Pronunciation Practice! 50+ English Words that include SILENT VOWELS

Lesson Overview

Lesson Summary 

Ready to perfect your pronunciation with me? I’ll teach you to correctly pronounce over 50 English words with silent vowel letters. Pronouncing English vowels can be tricky – there are only 5 vowel letters, but 20 vowel SOUNDS in English. So, practising your pronunciation out loud with me in this lesson is essential!

Silent letters are common in English words (they’re in more than HALF of all English words!) Study these ones with me and learn the correct pronunciation!

Video Transcript
Section 1
Well hey there I’m Emma from mmmEnglish. In today’s lesson, we’re gonna have a little bit of fun. We are going to perfect your pronunciation of over fifty English words with silent letters in them.

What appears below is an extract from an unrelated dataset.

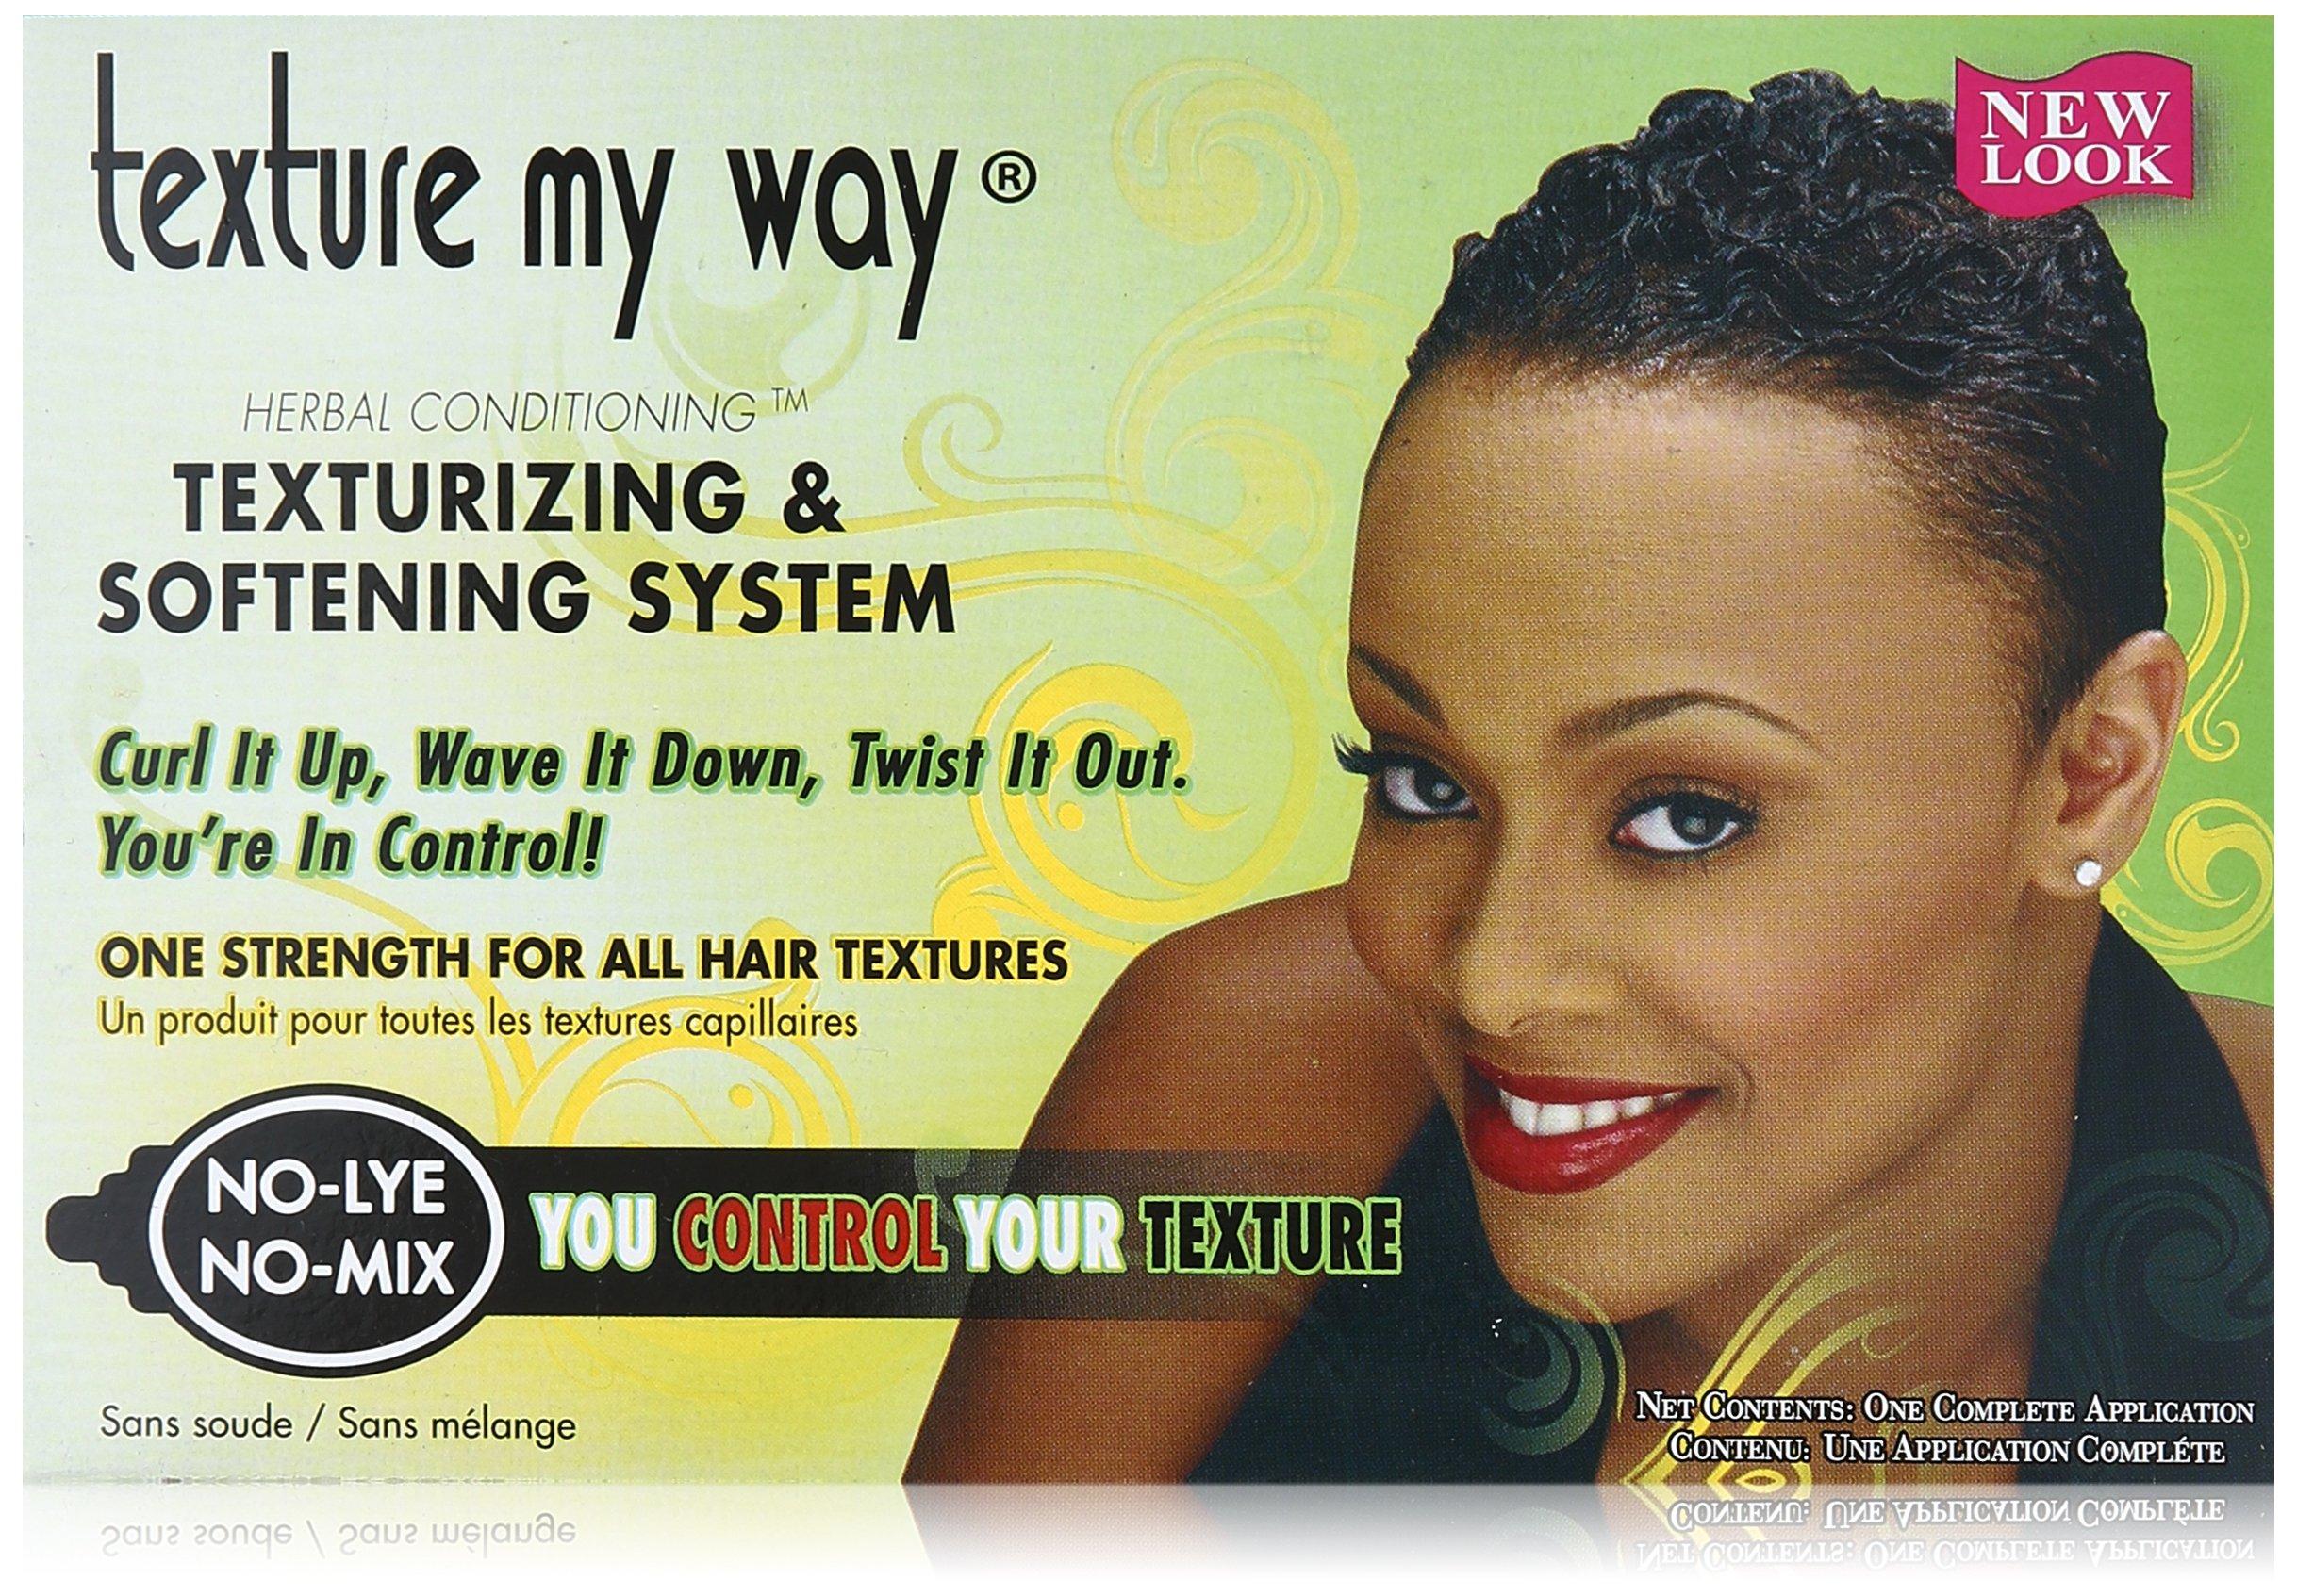 Organics My Way No-Lye Organic Conditioning Texturizing System

Silent letters are pains, aren’t they? A few weeks ago I shared a lesson of over a hundred words, all with silent consonant letters in them but today we’re going to focus on silent vowel letters.

Now I’m not going to lie, English vowels and vowel sounds are definitely tricky.

We have five vowel letters A, E, I, O and U and the letter Y, the consonant Y, can sometimes represent a vowel sound too but we’ve got many more vowel sounds in English right?

And of course, the same letter can represent different sounds. Often you see vowel letters together in words even though it only makes one sound. It’s very confusing and as you’ll see today sometimes vowel letters can be completely silent as well.

So please, please get ready to practise out loud with me, it will do you absolutely no good watching. You need to get your tongue and your mouth comfortable with the sounds that we’re making today and familiar with what you see on screen.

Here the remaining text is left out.